• ASSIGNMENT: Wherever the word "large" occurs in the listing below, copy that whole line.

━━ EXTRACTED MATERIAL

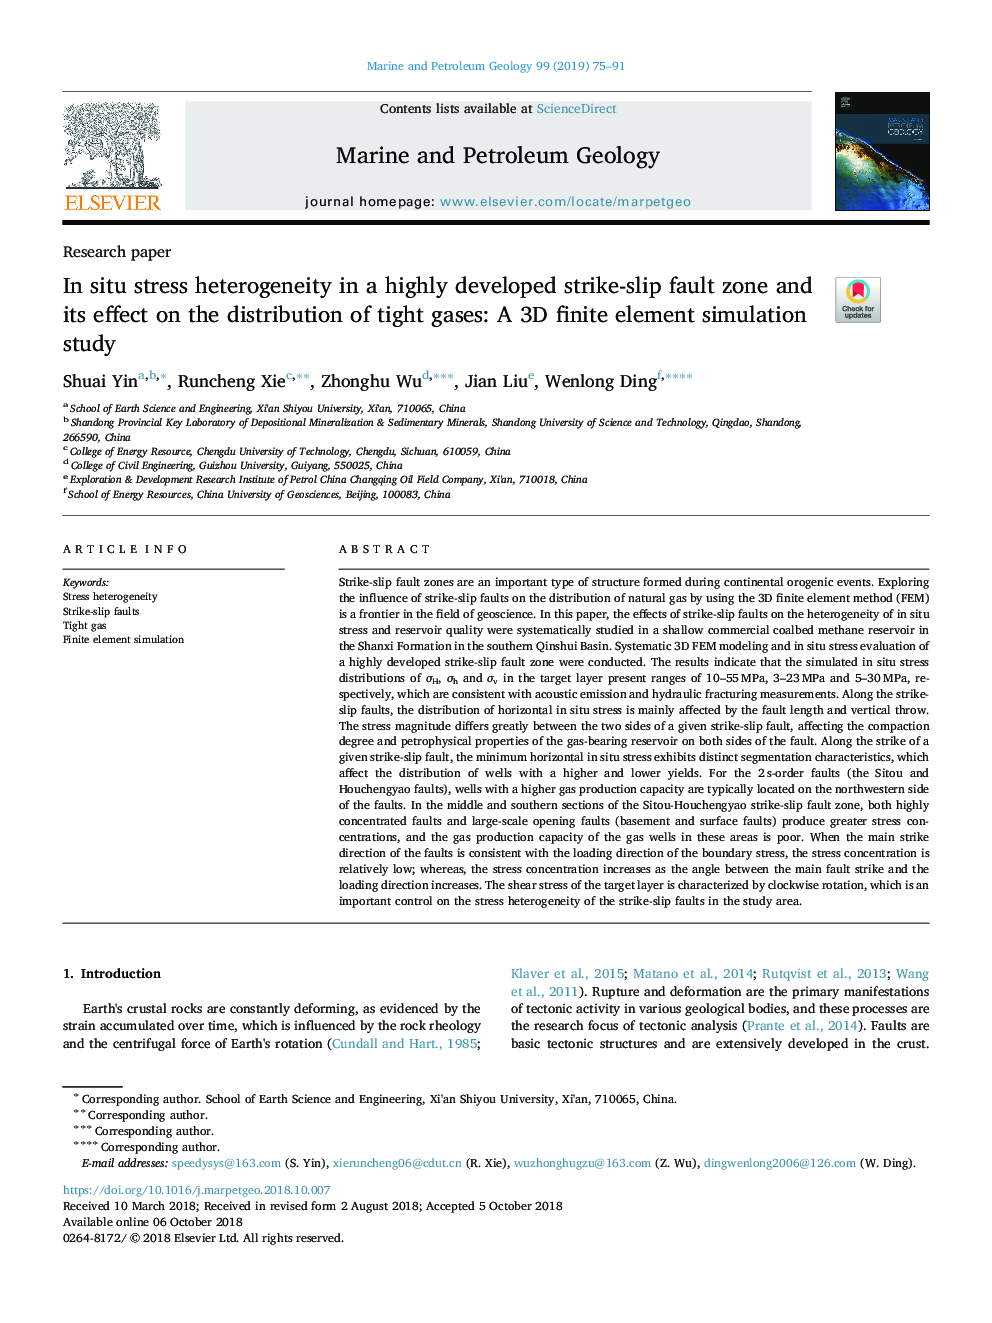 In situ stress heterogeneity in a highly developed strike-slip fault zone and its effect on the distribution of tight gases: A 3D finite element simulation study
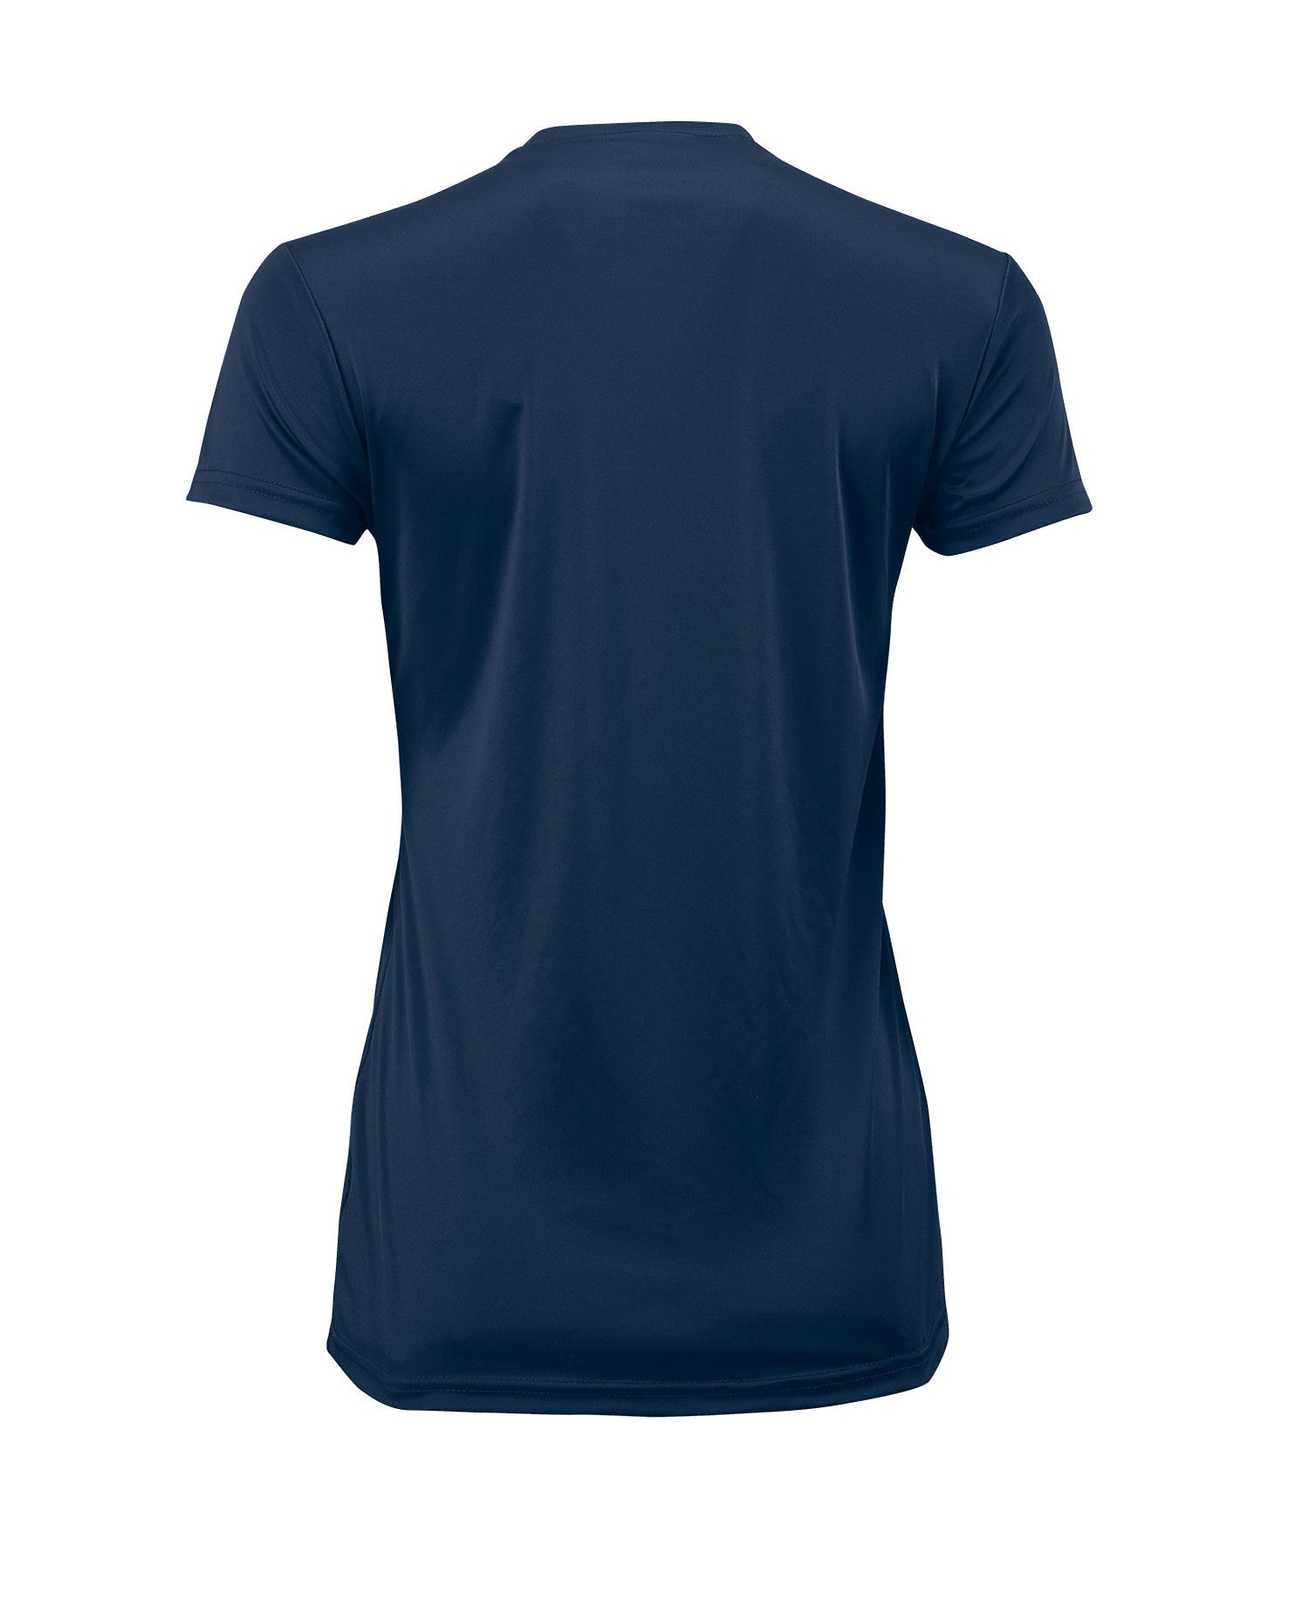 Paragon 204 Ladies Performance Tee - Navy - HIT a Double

━━━━
━━ EXTRACTED MATERIAL

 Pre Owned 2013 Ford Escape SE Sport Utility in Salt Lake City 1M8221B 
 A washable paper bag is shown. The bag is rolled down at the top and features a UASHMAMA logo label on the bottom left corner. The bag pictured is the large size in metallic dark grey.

━━━━
━━ EXTRACTED MATERIAL

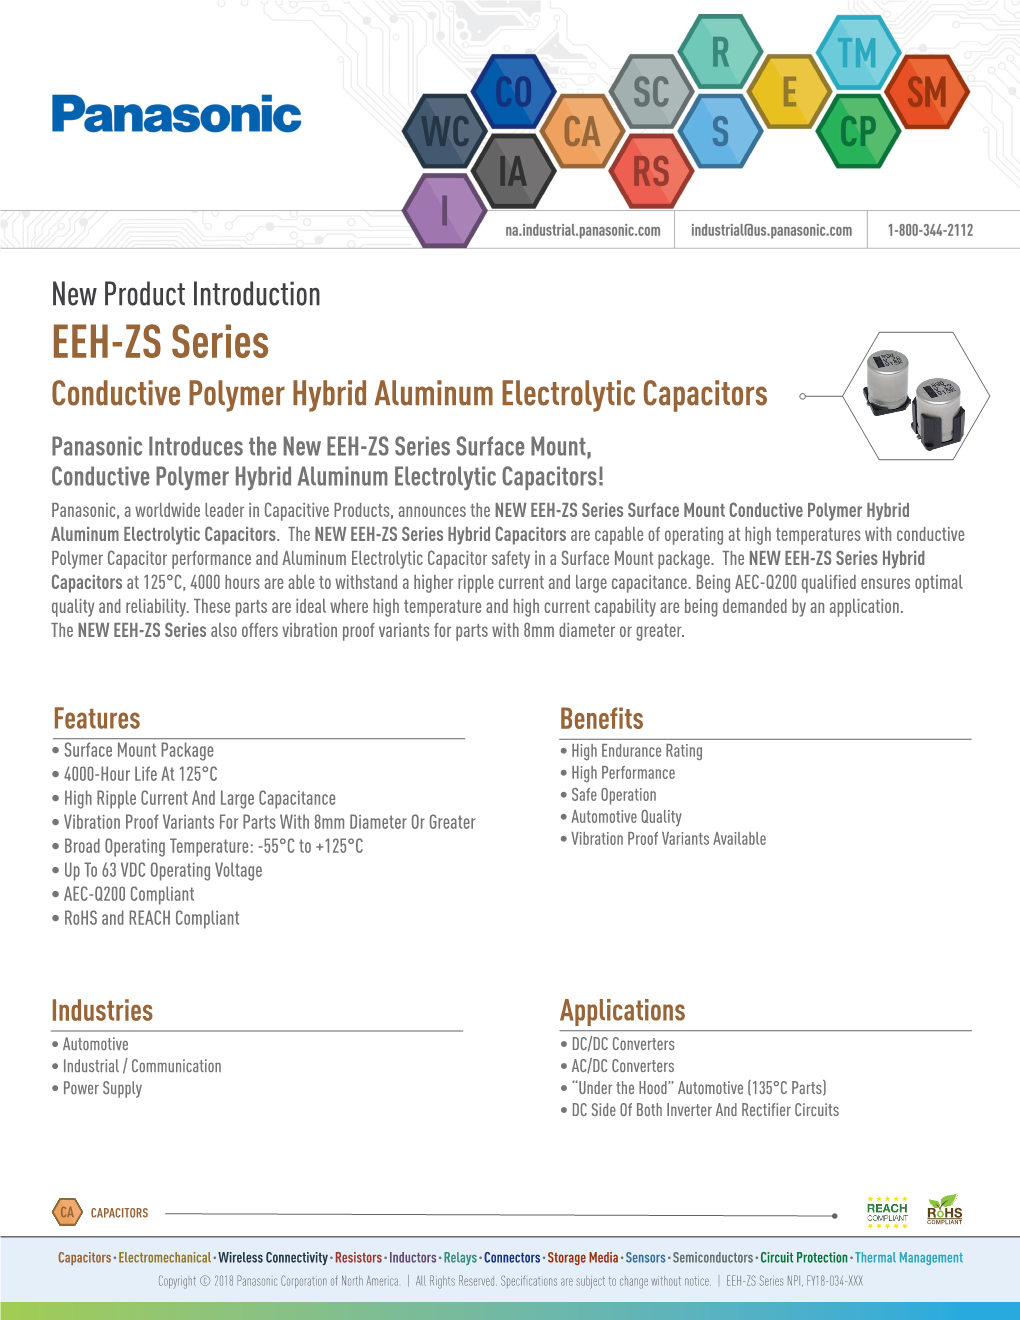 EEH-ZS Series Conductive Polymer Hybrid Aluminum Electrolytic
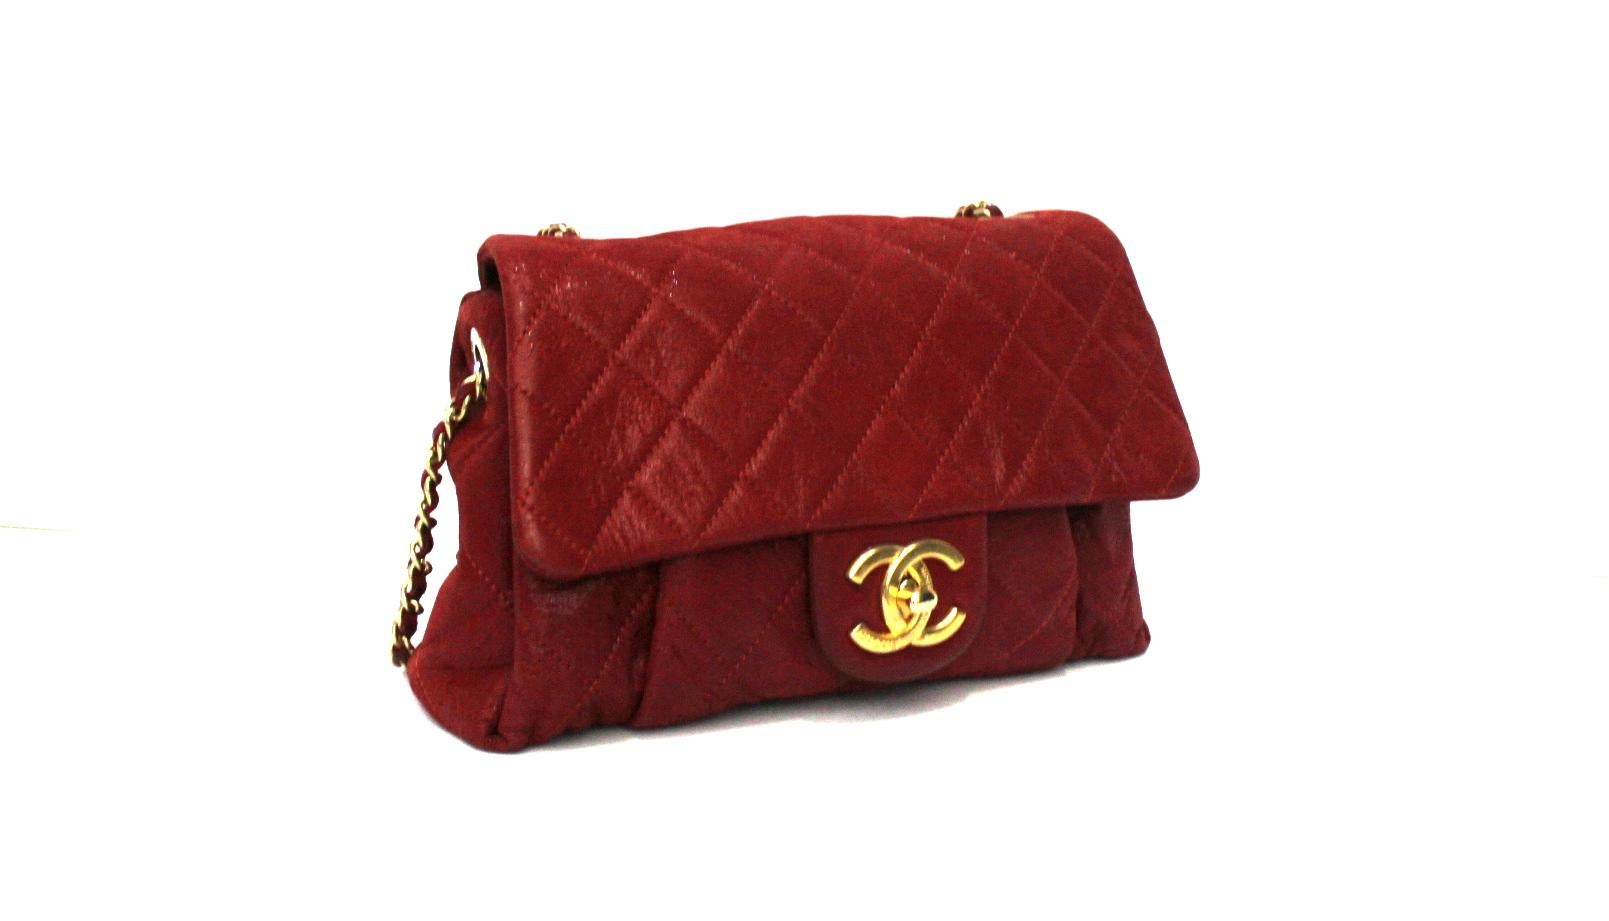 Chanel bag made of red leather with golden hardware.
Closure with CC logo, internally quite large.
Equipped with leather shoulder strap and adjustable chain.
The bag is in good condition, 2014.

━━━━

• OUTPUT BELOW:
 A washable paper bag is shown. The bag is rolled down at the top and features a UASHMAMA logo label on the bottom left corner. The bag pictured is the large size in metallic dark grey.
Closure with CC logo, internally quite large.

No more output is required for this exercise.